By the end of 2022, 14.6 million American tourists had visited the region, 3.2 million more than the 11.4 million in 2021—marking the highest level of recovery of all of the main markets for the Caribbean. Overall, there were 28.3 million registered tourist visits in 2022—88.6% of the visitors who arrived in 2019, which served as the baseline year for typical tourism activity before the pandemic—making the Caribbean one of the regions with the quickest recovery rates globally in 2022. 

Hotels and Cruise Comebacks

Citing a report from STR, Walters commented that in 2022, the Caribbean area had improvements in all significant performance indicators for the hotel sector, with hotel occupancy increasing to 60.7 percent in 2022 versus 44.4 percent in 2021. 

The cruise sector has rebounded as well. The region’s total number of cruise visitors reached 19.2 million in 2022—five times more than in 2021 and 63.3% of the record number of cruise visits (30.4 million) set in 2019. According to Walters, this year, they expect 32.0 million and 33.0 million cruise visits overall, a 5 to 10 percent increase over the pre-Covid baseline figure. All regional ports are open, and some have even begun home-porting.

Connectivity Challenges 

Global air passenger traffic also recovered in 2022, with demand increasing 152.7 percent during 2022. However, Bryan said, the major airlines still fly 35 percent fewer routes to the region than in 2019. Inter-island connectivity is also still a challenge. 

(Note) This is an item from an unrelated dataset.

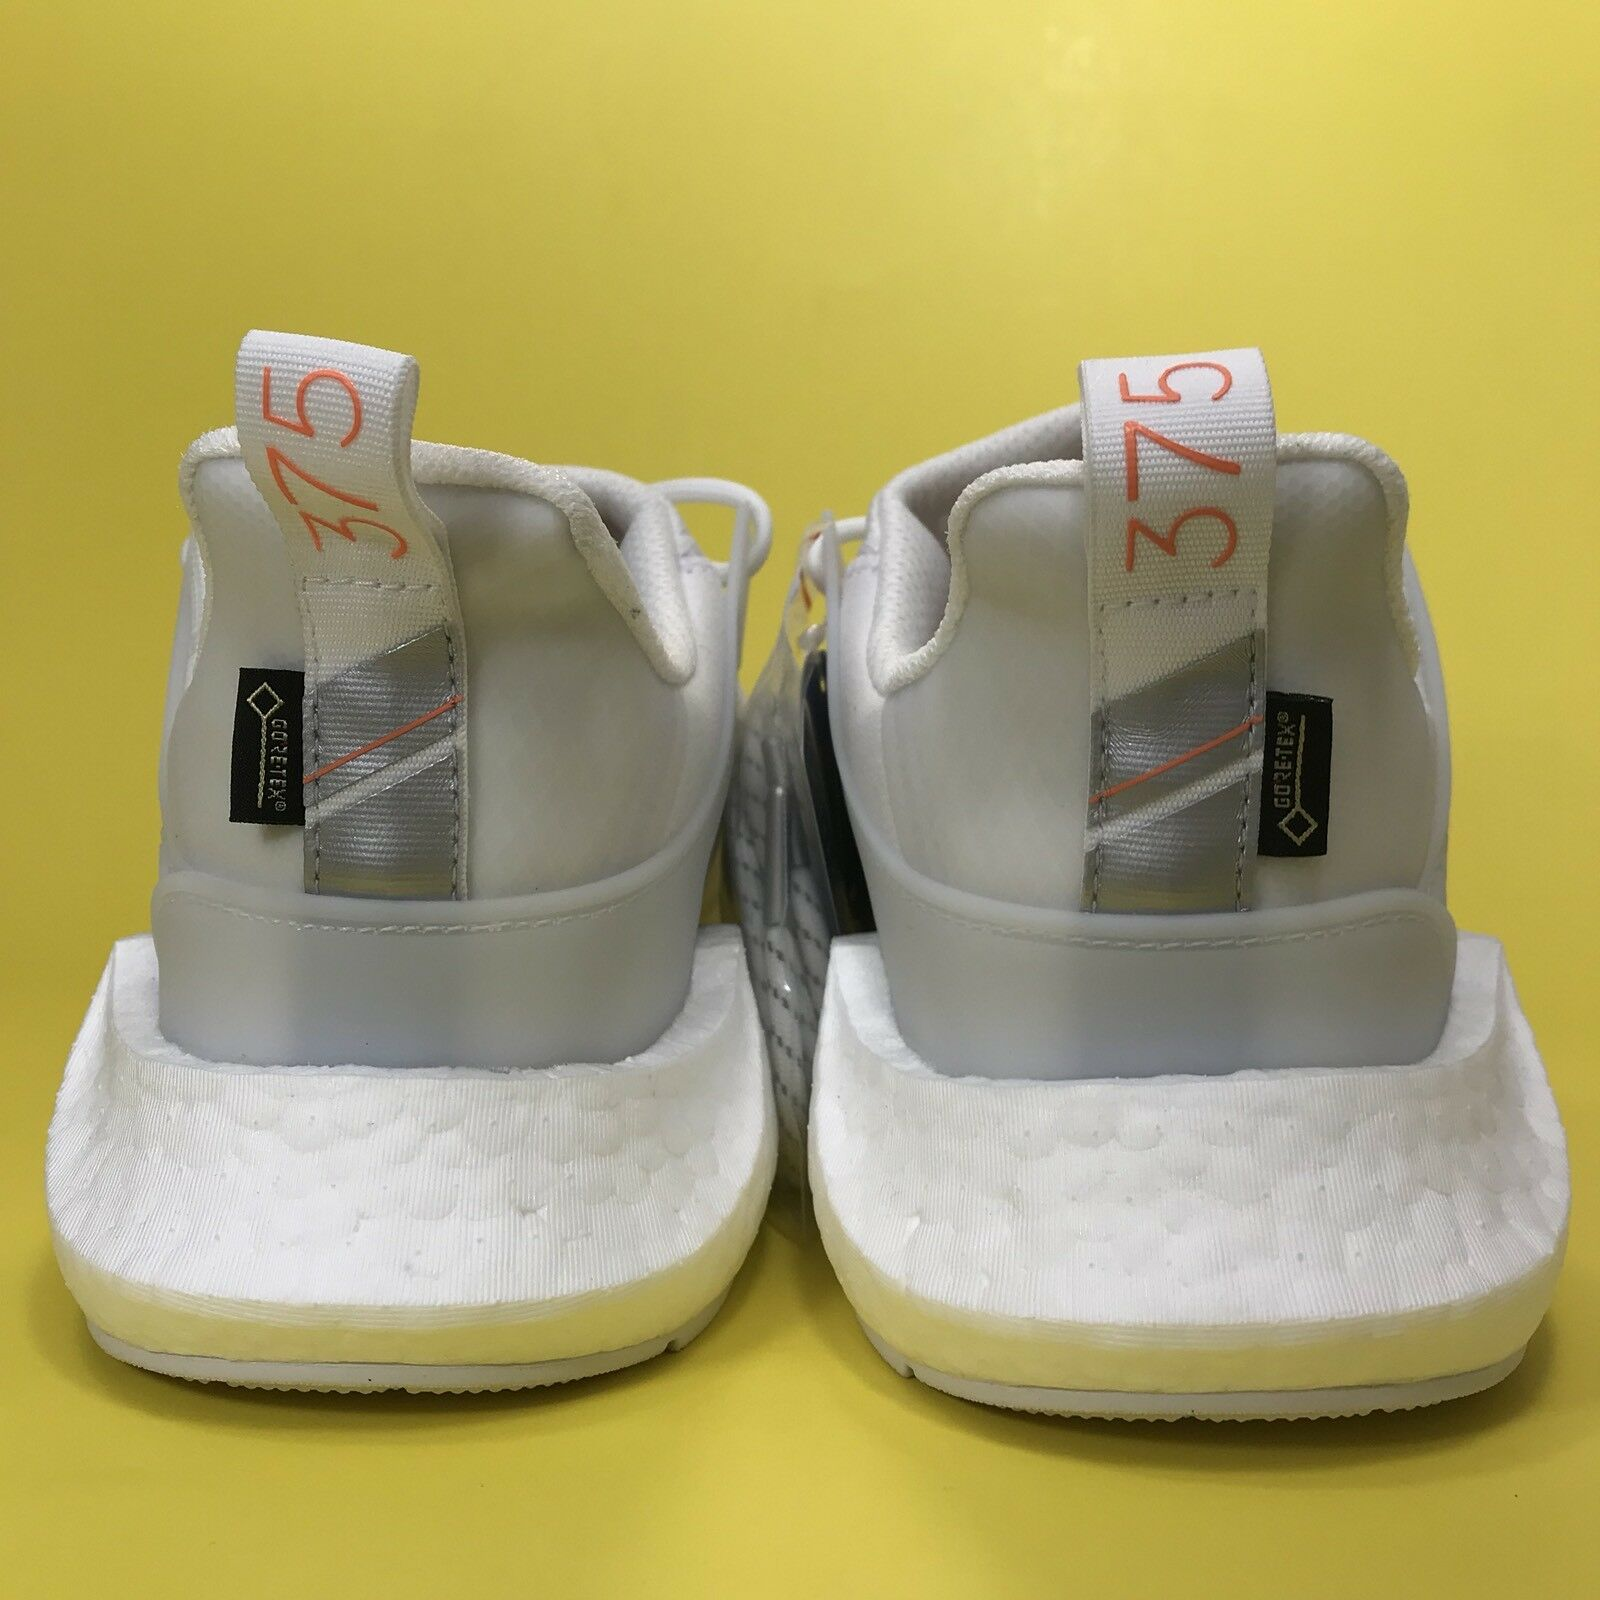 adidas eqt unterstützung 93 / 17 - steigern, gore - tex - 17 schuhe, weiße db1444 mens größe 10. 8918a3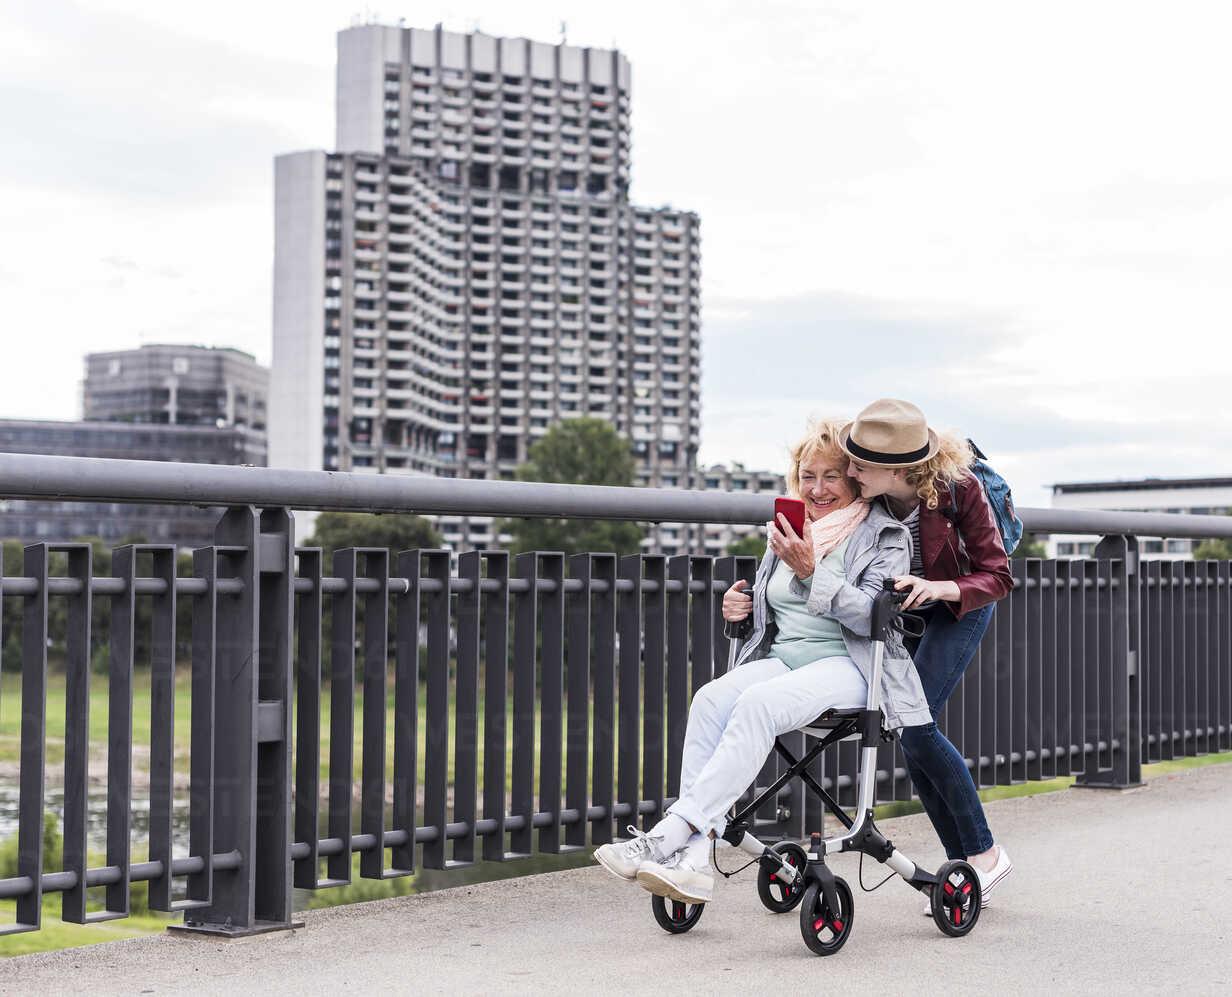 Grandmother and granddaughter having fun together - UUF11358 - Uwe Umstätter/Westend61

Bryan added that the CDB (Caribbean Development Bank) was appointed to review the best ways to bring the industry together and what kind of initiatives can the Caribbean islands offer companies to start flying again, particularly bringing back LIAT (the regional airline). 

“We have to incentivize [the carriers] and give options available for them to make [coming to the Caribbean] a little bit less expensive,” he said, “and that means that all the Caribbean islands may have to take a look at their own airport tax structure. If you offer a tax reduction, […] that’s no different than a revenue guarantee.” To achieve this, Bryan said CTO is bringing member destinations into the conversation to discuss what they are willing to do to “put some skin in this game” and get connectivity back.

Caribbean Week in New York Returns 

Earlier this week, the CTO announced it plans to resume the “Caribbean Week in New York” event this year, set for June 5-8. “New York week was closed down for many years,” said Bryan, “and I’m excited to be the chairman who is initiating it to come back. So all the member states can go to the beautiful city of New York where there is a lot of exposure from a marketing perspective for our Caribbean region.”